I imagine myself at 74, whether I will be jogging, whether as the esteemed US author, Ken Druck, terms it, I will be 'flourishing in the second half of life'.

Another birthday comes and goes

So, 38. Another year older. I can no longer reasonably claim to be in my mid-30s. That’s no bad thing (I have recently posted on why I like getting older). But there are moments where, like most of us (proverbial cliché alert), I wonder where on earth time is going.

For my birthday this year I went to the inconspicuous but truly magical Dar El Bacha in Marrakech. Better known to some as the Musee des Confluences, it showcases Asian, African, Judaeo and Pre-Columbian art. I even got to see an old 19th century chair where circumcisions were performed. I really know how to celebrate!

Visiting Telouet
Visiting the sublime interiors of the fast disappearing Telouet casbah

A final glance

Together with friends, a few days earlier, I visited the fast disappearing Kasbah in Telouet, a hundred or so kilometres from the Red City. Full of the finest and most intricate cedar work, plus Zellij mosaics, I felt at peace. But I also experienced one of those moments where, without necessarily feeling morbid, I certainly felt mortal, recognising in the final glance around that this would likely be my one and only visit to this exceptional place.
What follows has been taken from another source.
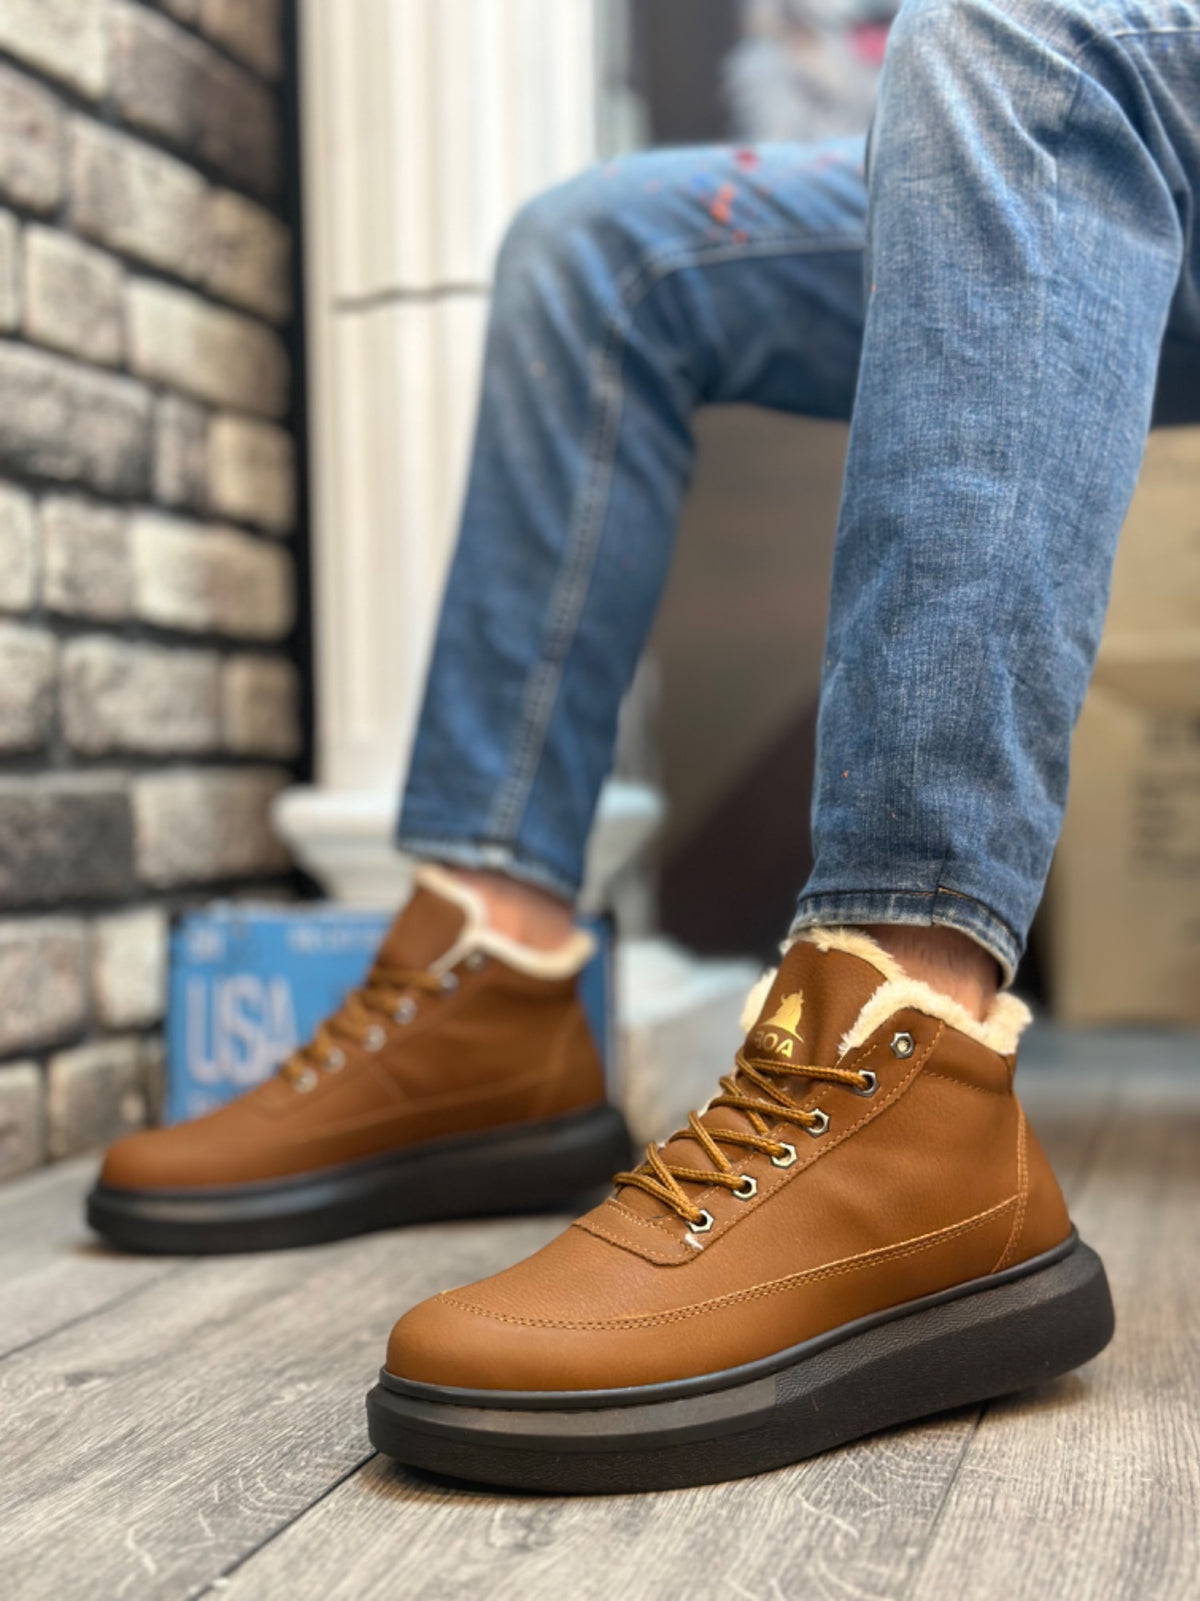 BA0151 Light Brown Men's Style Sports Boots with Fur Inside and Laces - STREETMODE ™

Counting up, counting down

I used to think getting older was reaching the age Premiership footballers no longer felt fit enough to play. When they hang up their boots. Which, except for goalkeepers, is usually around age 35. Reaching that age felt a peculiar milestone of sorts. I am around the same age as some of England’s ‘Golden Generation’, the Frank Lampards, Steven Gerrards, and John Terrys. When they retired – indeed when little Michael Owen retired, one of my first teenage crushes – I started to feel, erm, a little old.

But youth is wasted on the young, so they say.

Grotbags
Even the TV stars us 1980s kids grew up with are passing away

TV, Pop and even now some of the sports stars us 1980s kids grew up with are starting to pass away. In December 2016, when my favourite artist, George Michael, suddenly died, I obviously felt sad. I also felt closer to middle age.

When Grotbags, the famed witch from children’s TV days of yore, died, my childhood felt very much in the distant past!

The eternal kid

But why must I insist on always living in the past? Why count all these anniversaries and milestones? The past can anchor me – any of us – but it can also claim too much control. I have been experiencing vivid childhood memories. Tasting, touching and seeing them, even.

I recall the pale brown bathtub we used to soak ourselves in. With Matey bubblebath. And the wind that howled through the crack in the window damaged in the great 1987 storm.

Infinite possibilities of childhood
I used to dream of worlds beyond our upstairs toilet

I recall how as a young boy I used to turn my head at an angle when I was resting on my pillow on the top bunk. I would look beyond my bedroom door, left ajar, and through to the toilet with its whirring fan and darkened panel windows.

I imagined out there, out into the dark, lay space. Infinite and intergalactic possibilities. I was an imaginative child and found it difficult to give expression to everything I was feeling. These days, there’s a label for it: ‘Highly Sensitive’.

Living in the present

Last year, I felt possibly the closest I ever have to my actual age, when I was sized up to see whether I was fit enough for a major operation. I donated a kidney. I was told I just made the grade, my kidney had been misbehaving at school, but recently had settled down. I was donating to my Dad, who was exactly double my age. I had turned 37, and he was 74.

(Mostly) happy with where I am
I have many good days and am very lucky, but I want to live in the present more

I imagine myself at 74, whether I will be jogging, whether as the esteemed US author, Ken Druck, terms it, I will be ‘flourishing in the second half of life‘. He talks affirmatively about opting out of the ‘dread, decline and diminishment mind-set’, which I recognise from my time working at Age UK and Independent Age is key.

Dad had three of us, my two sisters and I, when he was 38. Mum was just 32 in fact, when I popped along. I don’t have nearly as much responsibility as them. Sometimes that is remarkably freeing. Sometimes, though, I feel responsibility is just what I thrive on and need.

A new start in 2020

I have started a new qualification course in Generative Coaching. It has stimulated me, not just intellectually, but helping me to also connect with the present. Neither to nostalgise the past, nor catastrophise or simply dream away the future. There’s many more days of coaching to go.